Spec-Driven Development in the AI Era: Stop Stalling with Output Contracts

TL;DR: Fix the output contract (a consistent output shape) first, then define acceptance criteria for pass/fail—AI collaboration becomes far less likely to stall.

The more you delegate implementation to AI, the easier it is to stall without knowing why. The root cause is rarely skill; it is the absence of intermediate outcomes that can be judged. This article generalizes the lessons into three principles: output contracts, visibility, and acceptance.

Target Audience

  • People who want to build with AI but often lose direction mid-project

Key Points

  1. A clear model of why AI projects stall
  2. A restartable workflow centered on output contracts
  3. A clean separation of spec, design, and acceptance

Why projects stall: it is structural

No intermediate outcomes

You only have a goal and a starting point. Without evaluable milestones, nobody knows what “done” means next.

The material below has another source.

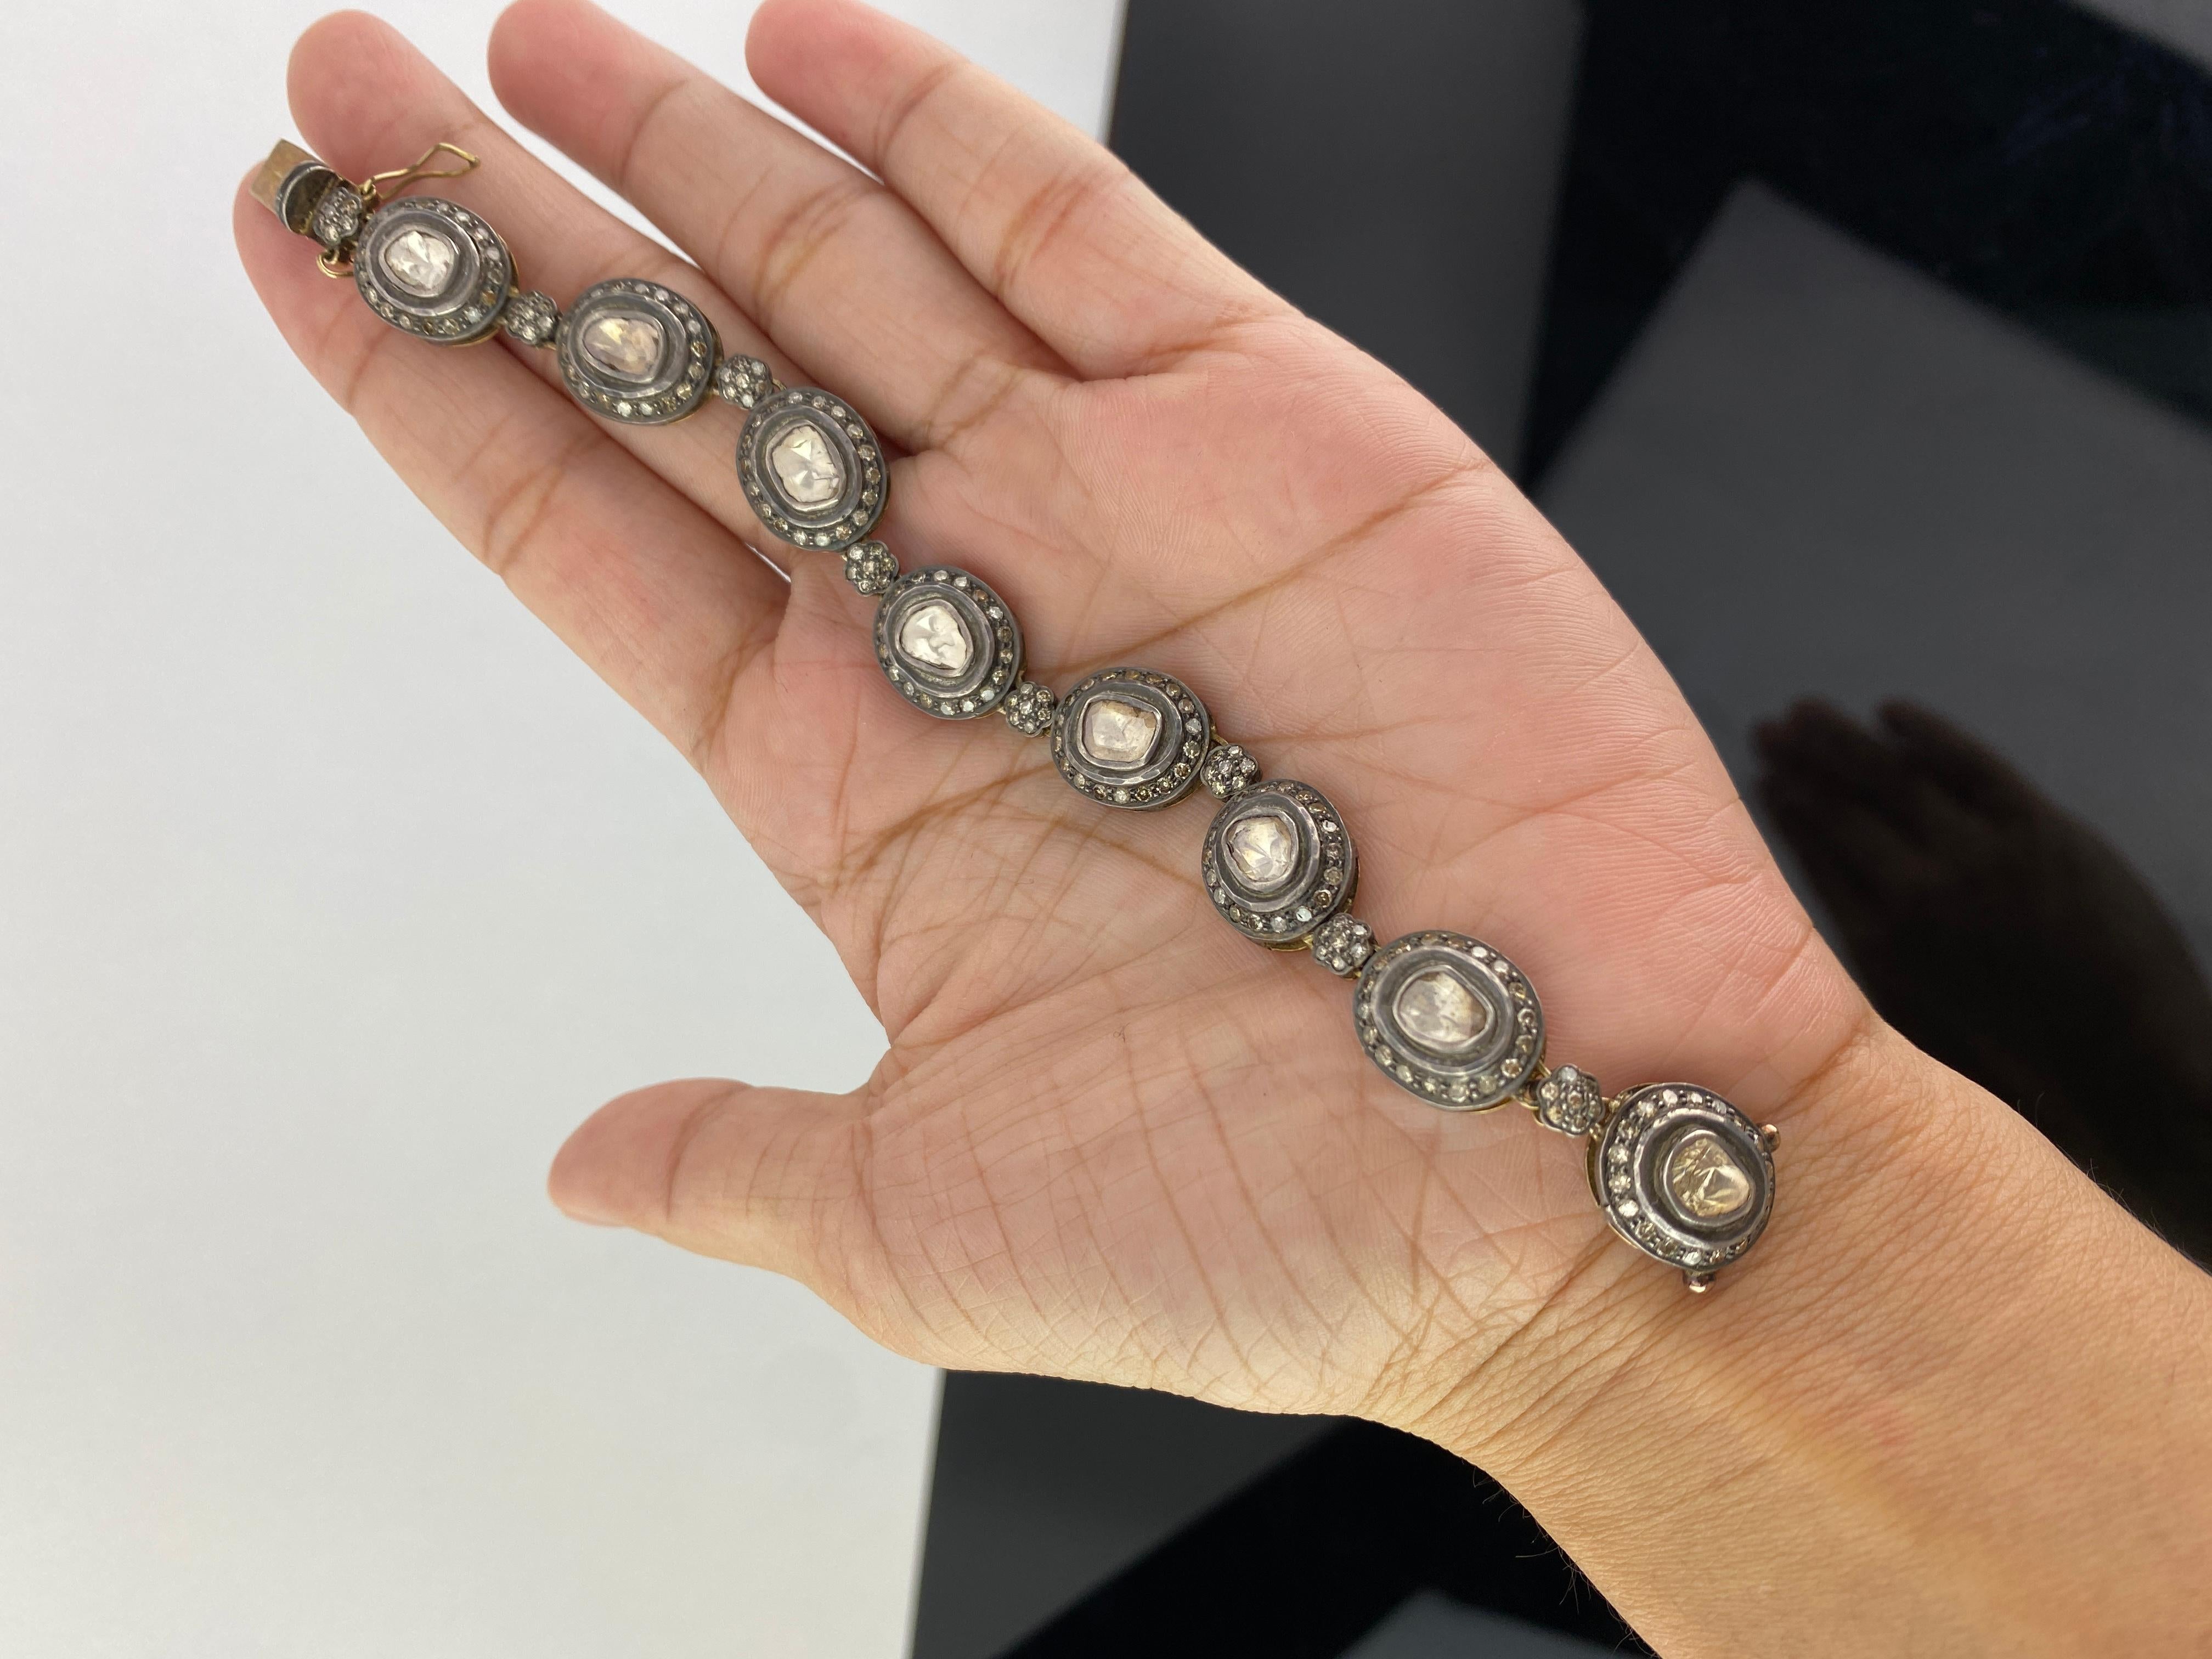 Setzen Sie ein Zeichen, wenn Sie dieses wunderschöne, handgefertigte Armband mit Diamanten im Rosenschliff tragen, das in Silber und vergoldet ist. Die Länge des Armbands beträgt 15,5 cm, kann aber geändert werden. 
Wir bieten kostenlosen Versand.

Foundation work comes before visibility

When the base is built first, visible progress is delayed. A long invisible phase kills momentum.

No pass/fail oracle

If there is no fixed input and expected output, correctness cannot be judged. Reviews stop, and improvements stop with them.

Stalling is a design problem, not a capability problem

Without checkable outcomes, both AI and humans get stuck.

Three principles that make restarts possible

Principle 1: Fix the output contract

Lock the shape of the output before you lock the logic. Field meanings and slots should remain stable while the internals evolve.

The minimum contract is simply “the same slots every time.” A short template is enough.

{
  "as_of": "YYYY-MM-DD",
  "decision": "Proceed|Caution|Pause",
  "summary": "...",
  "reasons": ["...", "...", "..."],
  "proposal": "...",
  "confidence": 0.0,
  "data_health": {"freshness_hours": 0, "missing": []},
  "version": "brief.v1"
}

Principle 2: Review outputs, not code

People can judge outputs faster than code. Keep change units small enough to compare before/after outputs at a glance.

The smallest acceptance set is fixed inputs, expected outputs, and a diff rule. This level is enough.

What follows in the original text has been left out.